Iron phosphate is particularly useful in combating garden slugs and snails. Before they were used in the United States, iron phosphate slug baits had been successful in Europe. These baits, usually in the form of pellets, have proven in many cases to be as effective as their predecessors, which were made of a somewhat more dangerous chemical called metaldehyde. Iron phosphate, unlike metaldehyde, is safe for use around birds, pets, and other wildlife.
The effectiveness of iron phosphate baits depends in part on how many slugs and snails encounter and ingest the bait. Since slugs are underground most of the time, many may not come in contact with the bait, so total elimination is impossible to achieve with any pesticide. A good kill rate when using phosphate slug bait is considered to be around 60%.
The other principal use of iron phosphate is as an industrial coating applied to metals, in order to give the metal surface certain properties. Iron phosphate provides a stable, inert coating on the surface of the metal, which helps to inhibit the spread of rust if it begins to form. As a coating, it also makes it easier for paint to adhere to the metal. In an industrial context, it is usually applied in a series of stages, which include thoroughly washing the metal to remove any surface impurities. The presence of any contaminants will otherwise keep the iron phosphate from sticking to the metal.
Phosphate chemicals can be applied over a wide range of temperatures and in varying quantities. The weight of a finished phosphate coating can be anywhere between 0.00053 ounces to 0.0035 ounces per square foot (49.2 mg to 328 mg per square meter). When iron phosphate is applied to a metal surface, it actually etches the surface slightly. A very small amount of metal is removed from the surface and then re-deposited in an irregular fashion. Since the surface characteristics are varied in this way after phosphate is applied, there is more surface area for paint to adhere to. However, this etching also has the side effect of permanently removing some of the metal, since not all of it is re-deposited.

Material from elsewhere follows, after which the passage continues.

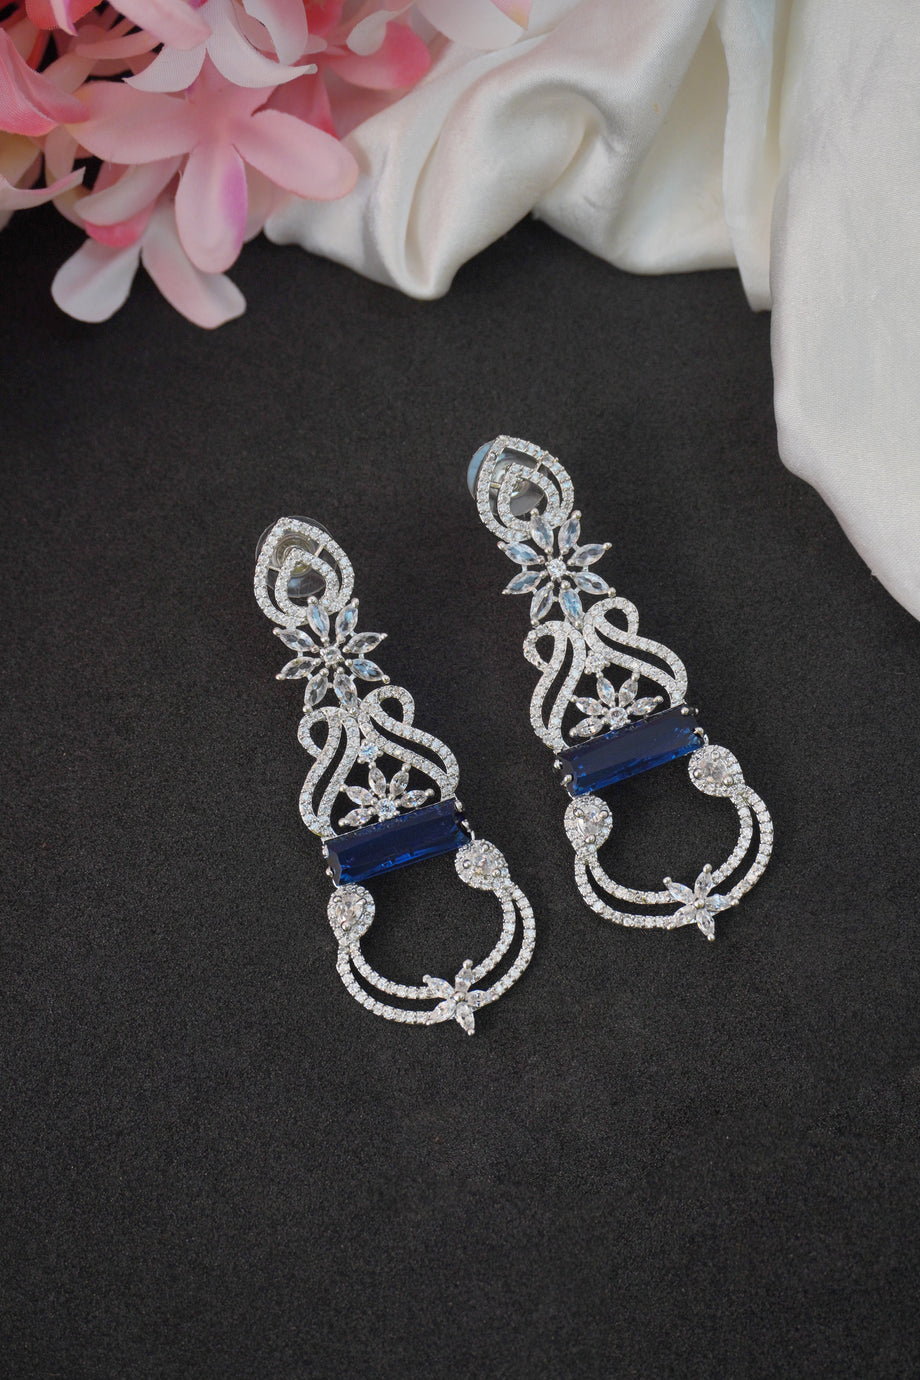 Details more than 120 sapphire earrings pandora best

Is it also used in ceramic glazes?
Well, this is interesting. It looks like when you buy iron phosphate for your garden, you are killing two birds with one stone -- or should I say two snails. I worked in a plant nursery for a while and we sold fertilizer that contained both iron and phosphate; but I never paid much attention to what was in the pesticides we sold. I never would have guessed you could buy phosphate and it would keep away pests and fertilize at the same time.
What I did know is that iron in the form of iron is great for greening up lawns and other vegetation, and that phosphorous is great for getting roses and other flowering plants to bloom. It also helps fruit trees bear fruit. Thanks for the article. It's great news about the organic pesticide. We could use more of those.